The training data (`X_train`) is a matrix of size (60000, 784), i.e. it consists of 60000 digits expressed as 784 sized vectors (28x28 images flattened to 1D). `y_train` is a 60000-dimensional vector containing the correct classes ("0", "1", ..., "9") for each training digit.

## Individual classifiers

Let's first define and train a set of different classifiers.

### SGDClassifier

In [None]:
%%time

clf_sgd = SGDClassifier()
print(clf_sgd.fit(X_train, y_train))
pred_sgd = clf_sgd.predict(X_test)
print('Predicted', len(pred_sgd), 'digits with accuracy:', accuracy_score(y_test, pred_sgd))

### Decision tree

In [None]:
%%time

clf_dt = DecisionTreeClassifier()
print(clf_dt.fit(X_train, y_train))
pred_dt = clf_dt.predict(X_test)
print('Predicted', len(pred_dt), 'digits with accuracy:', accuracy_score(y_test, pred_dt))

### Bernoulli naive Bayes

In [None]:
%%time

clf_bnb = BernoulliNB(binarize=128.)
print(clf_bnb.fit(X_train, y_train))
pred_bnb = clf_bnb.predict(X_test)
print('Predicted', len(pred_bnb), 'digits with accuracy:', accuracy_score(y_test, pred_bnb))

## Ensemble classifier

The goal of ensemble methods is to combine the predictions of several base classifiers to improve generalizability and robustness.

### Learning

We use [`VotingClassifier`](https://scikit-learn.org/stable/modules/ensemble.html#voting-classifier) to combine the results of the individual classifiers.
The default mode is to use majority (`"hard"`) voting, where each classifier gets a vote and the final prediction is the class that gets the majority of the votes.
Another option is to use the average of the predicted probabilities (`"soft"` voting), which however requires that all used individual classifiers are able to predict class probabilities. 

In [None]:
%%time

clf_vote = VotingClassifier(estimators=[('sgd', clf_sgd),
                                        ('dt', clf_dt),
                                        ('bnb', clf_bnb)],
                            voting='hard')
clf_vote.fit(X_train, y_train)

### Inference

The classification accuracy of the ensemble classifier:

In [None]:
pred_vote = clf_vote.predict(X_test)
print('Predicted', len(pred_vote), 'digits with accuracy:', accuracy_score(y_test, pred_vote))

#### Confusion matrix

We can compute the confusion matrix to see which digits get mixed the most:

In [None]:
labels=[str(i) for i in range(10)]
print('Confusion matrix (rows: true classes; columns: predicted classes):'); print()
cm=confusion_matrix(y_test, pred_vote, labels=labels)
print(cm); print()

#### Accuracy, precision and recall

Classification accuracy for each class:

In [None]:
for i,j in enumerate(cm.diagonal()/cm.sum(axis=1)): print("%d: %.4f" % (i,j))
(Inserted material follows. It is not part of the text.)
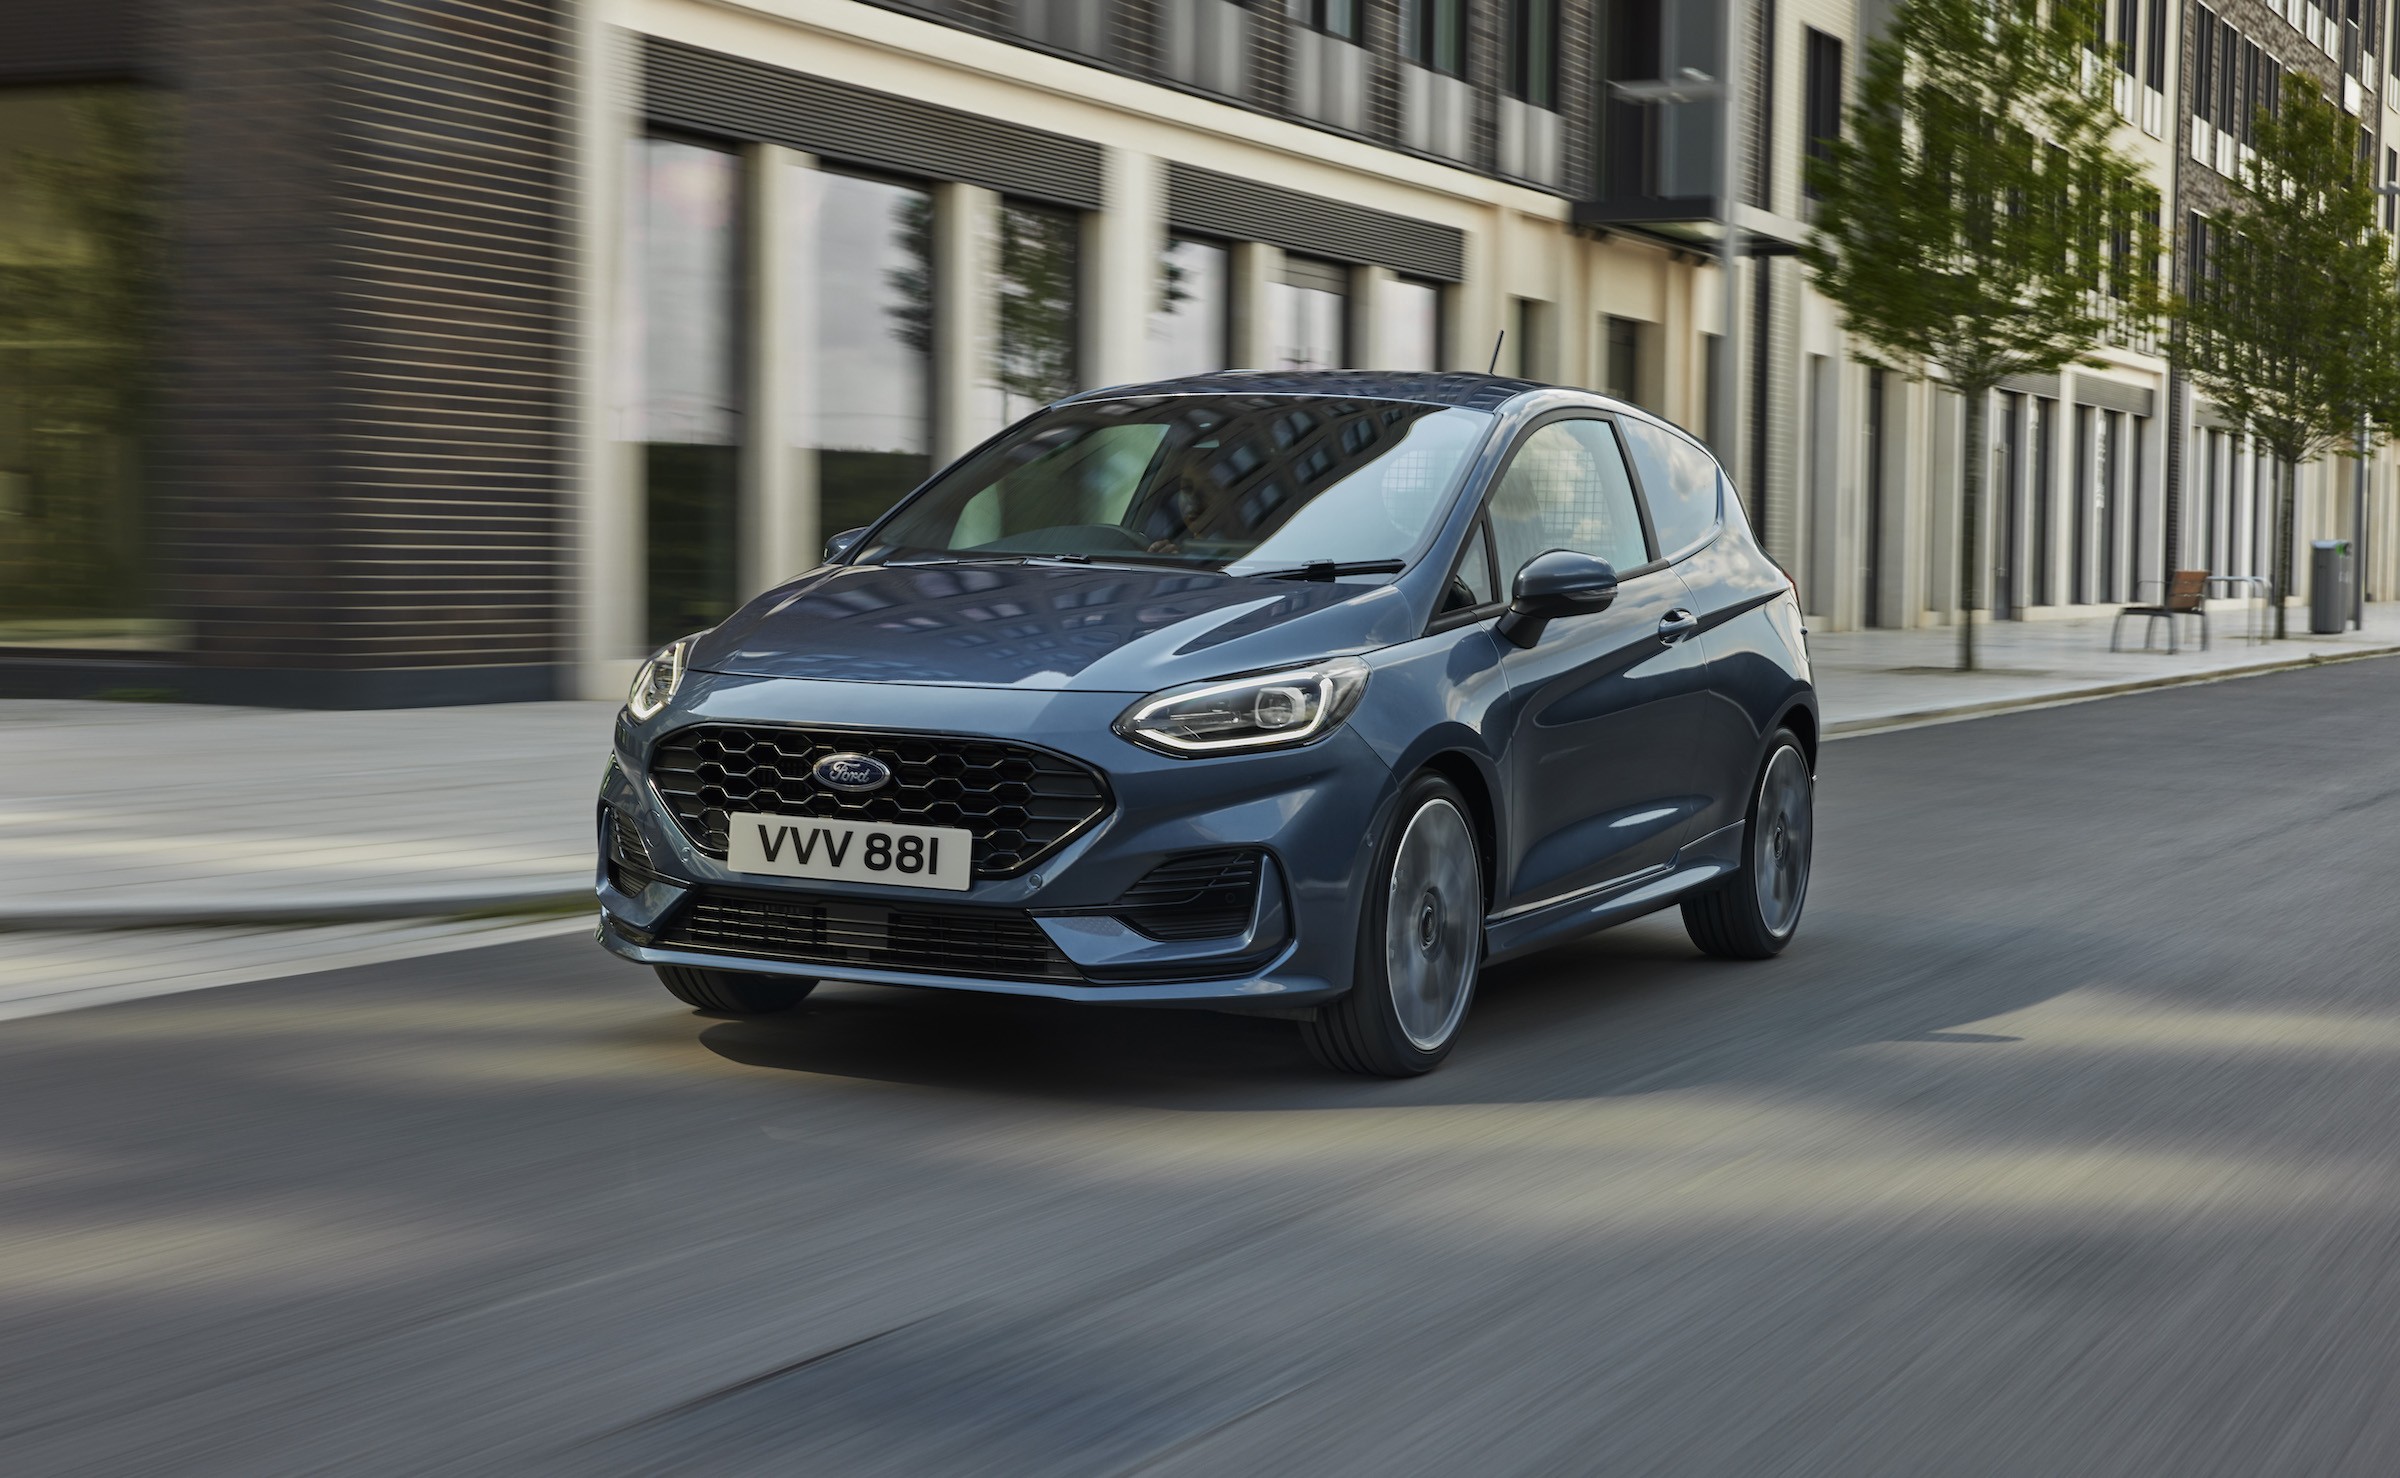 Ford Fiesta To Be Axed Globally As Carmaker Shifts Focus To EVs - ZigWheels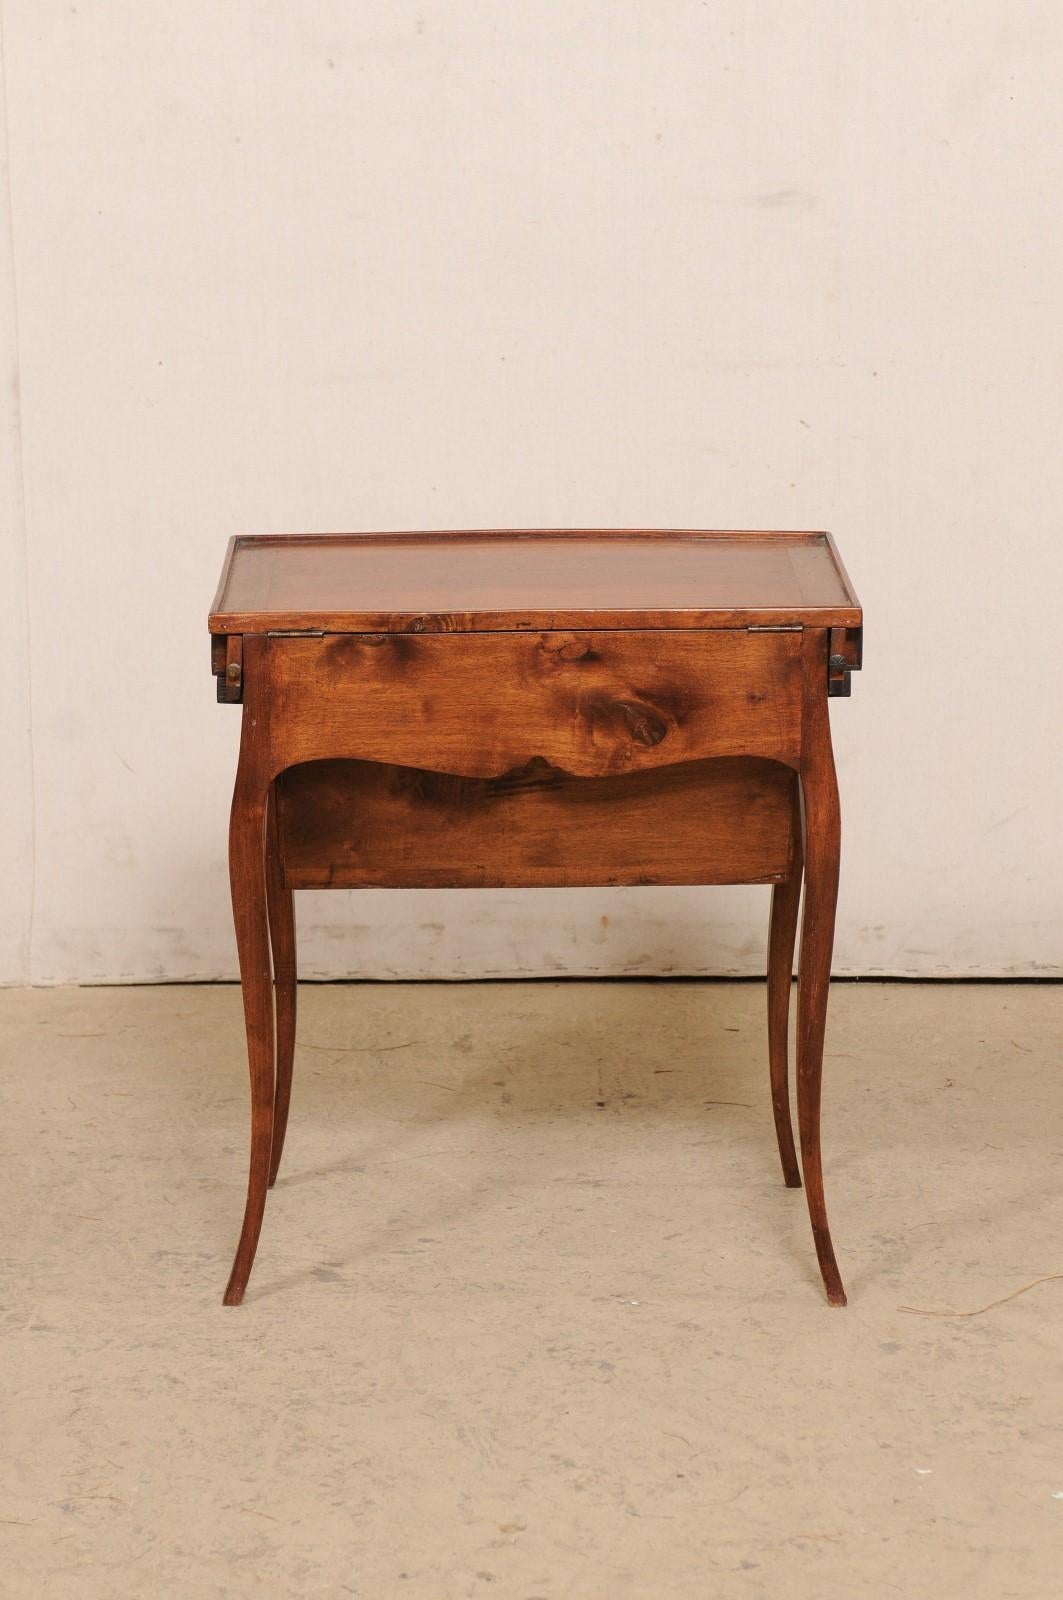 Wood French 19th C. Table w/ Unusual & Creative Drop Down Storage-Great for Crafting

Precision and recall for each class:

In [None]:
print(classification_report(y_test, pred_vote, labels=labels))

#### Failure analysis

We can also do some failure analysis.  Let's check the 10 first wrongly predicted digits.

In [None]:
show_failures(pred_vote, y_test, X_test)

## Model tuning

Try adding various classifiers covered on this course to the ensemble and experiment with different setups.  

Report the highest classification accuracy you manage to obtain.  Also mark down the parameters you used, so others can try to reproduce your results.